But I think BIS should be thinking more ambitiously than that. The time horizon of certain software engineering, machine learning, and cybersecurity tasks that frontier models can complete continues to grow rapidly. I believe that by the end of 2026, frontier models with sufficient scaffolding will be able to complete tasks across many domains that take humans three to four days. (They already can in some laborious domains that they are well suited for, like translation.)

Rather than a working-level analyst writing an intelligence report and asking a model to “write one paragraph about what types of vacuum cleaners this company makes”, an office director could tell an agent: “Write intelligence reports about these five companies, and decide which ones pose a threat, and then write Entity List packages about them.” If AI agents are sufficiently trustworthy (another reason it’s important to build highly specific, formal evaluations), they could even automate some of the human-review bottleneck.

For BIS to be ready for more capable AI agents as they arrive, it needs to set guardrails around agent deployments, determine how best to integrate agents into classified systems, and reimagine laws and procedures for an agentic world.

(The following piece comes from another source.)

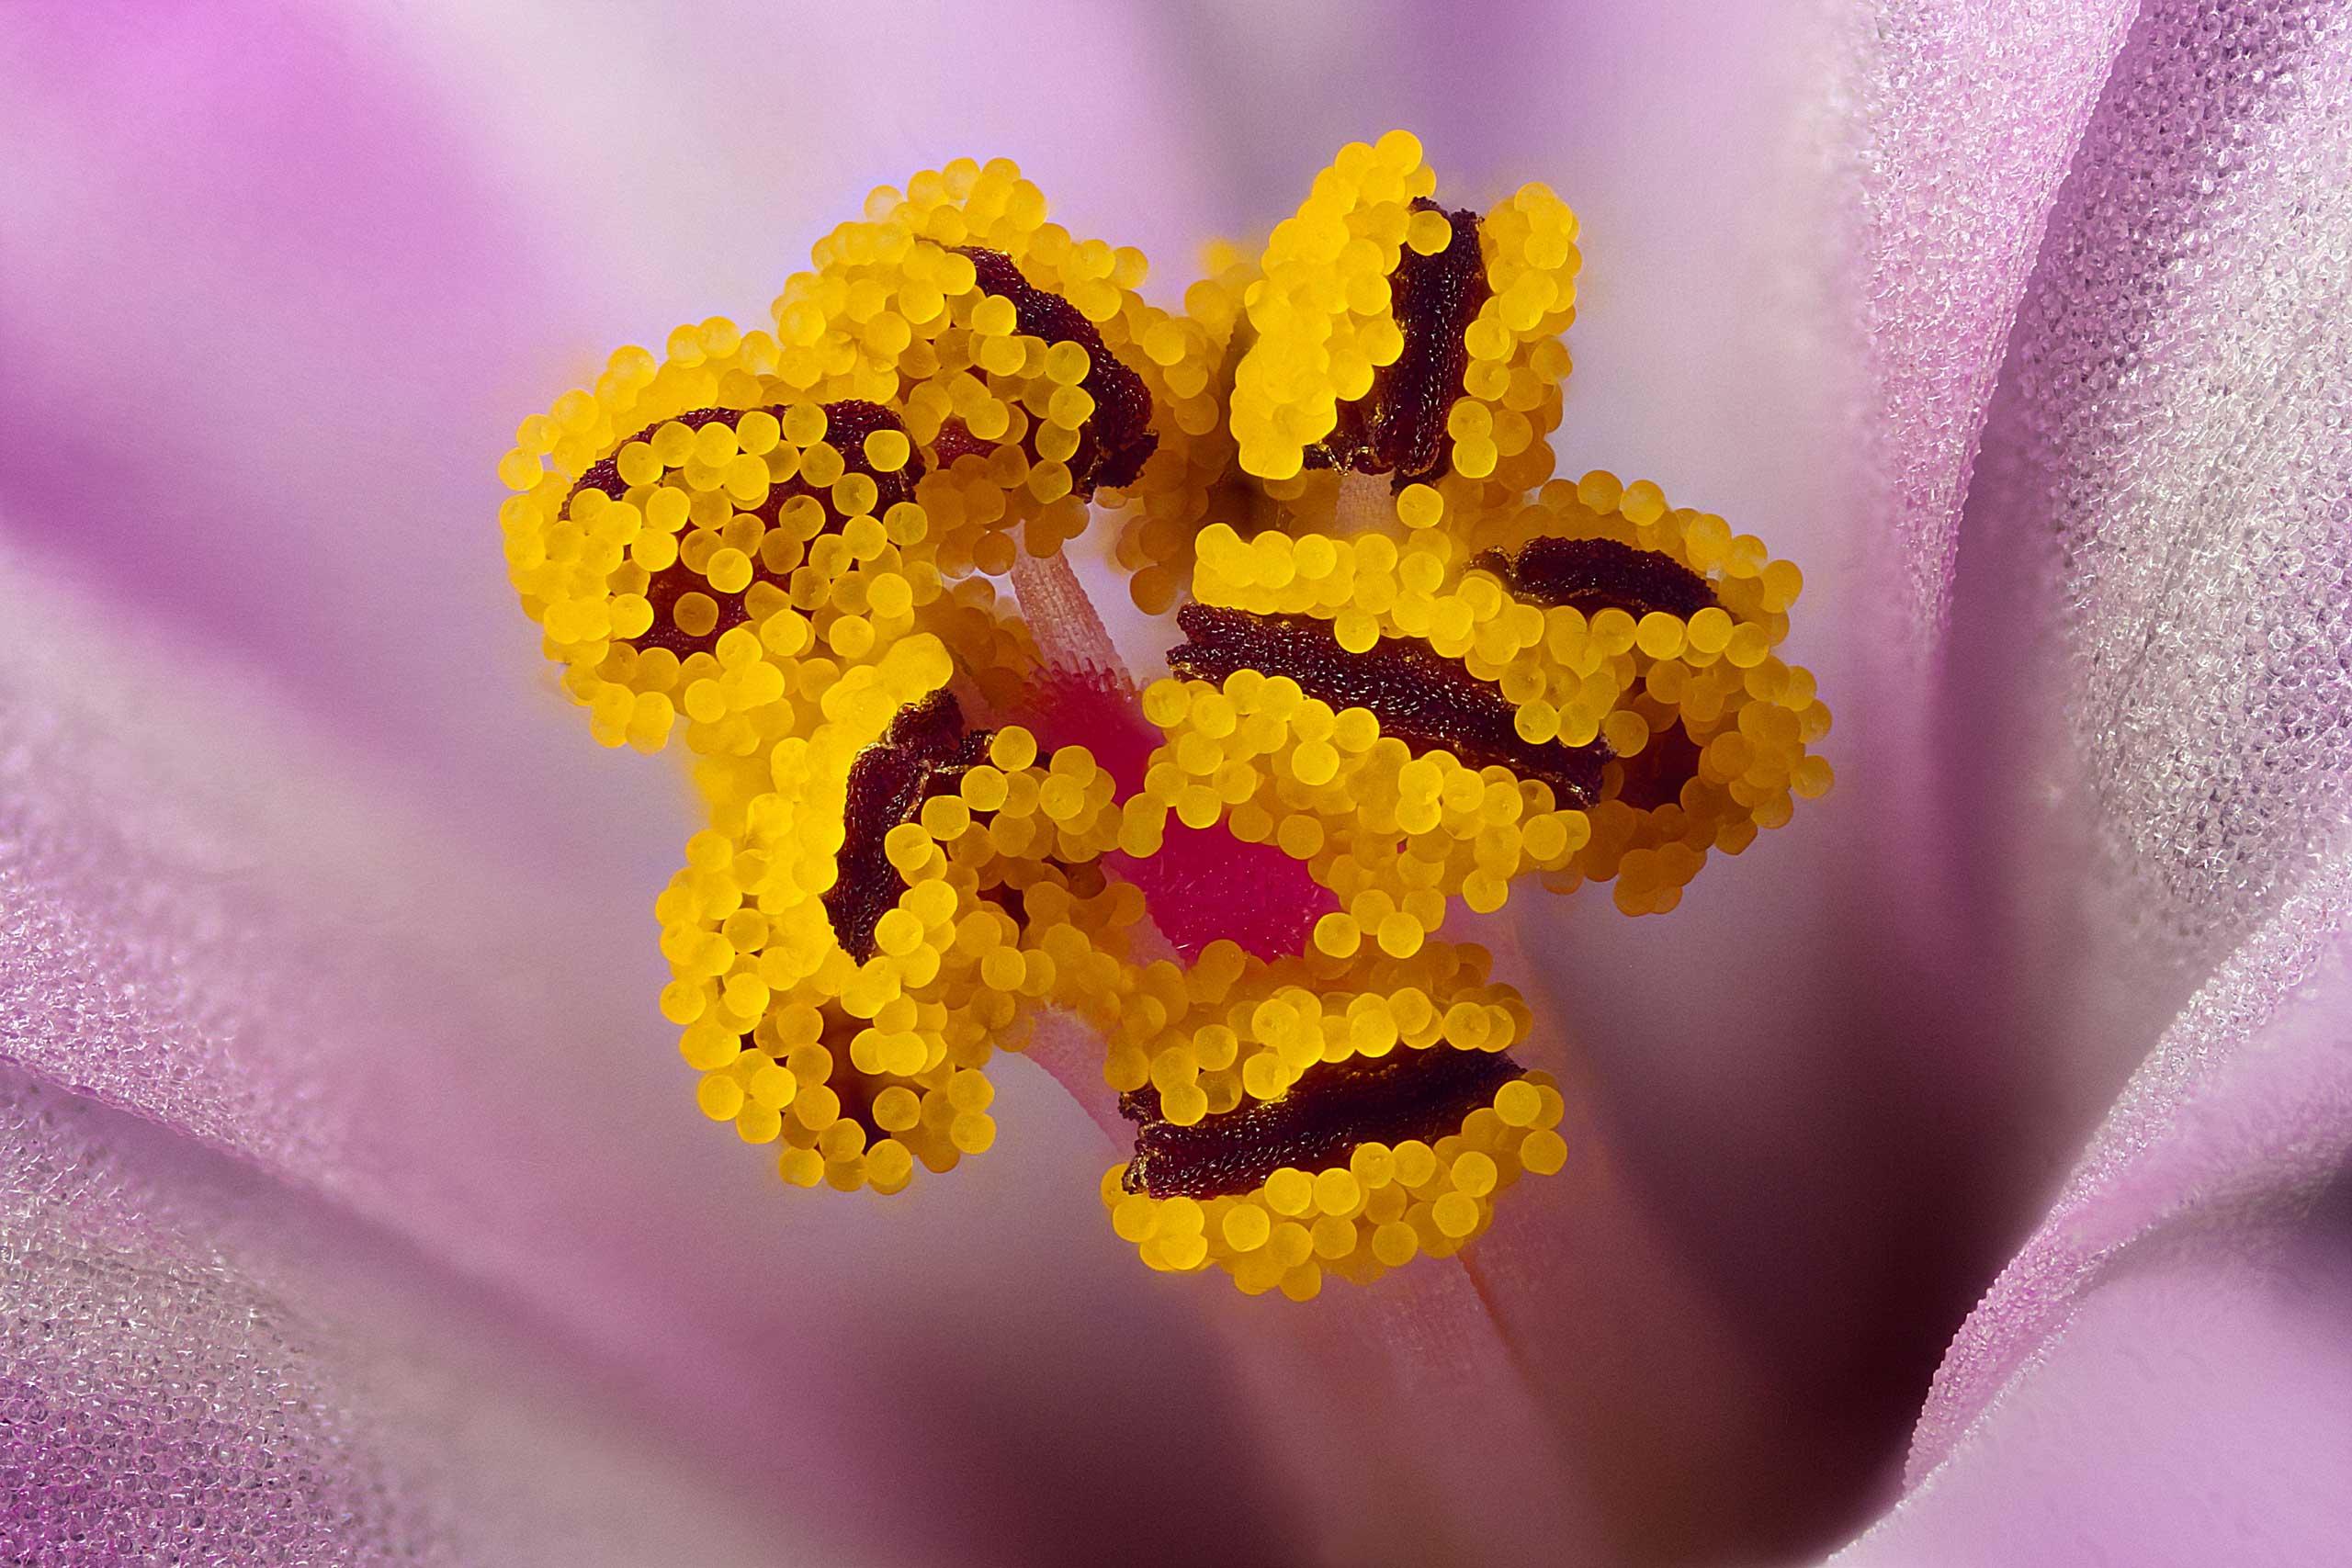 A geranium wildflower.

Setting guardrails for AI agent deployments

Guardrails for agent deployments should be built into the software so that agents are unable to do anything they are not authorized to do. The “principle of least privilege” is an old concept in security, but the advent of agents capable of rapidly doing irreversible damage makes it far more urgent. I propose three types of guardrails for AI agents used by BIS.

First, AI agents should have data guardrails. Each deployed agent instance should have a well-defined purpose—for example, analyzing trade data for anomalies—and access only to the data required for that purpose. Trade data analyst agents should not have access to employee email inboxes. Humans should serve as the “air gap” between agent outputs and the ability to, say, publish to the BIS website or email the Secretary of Commerce.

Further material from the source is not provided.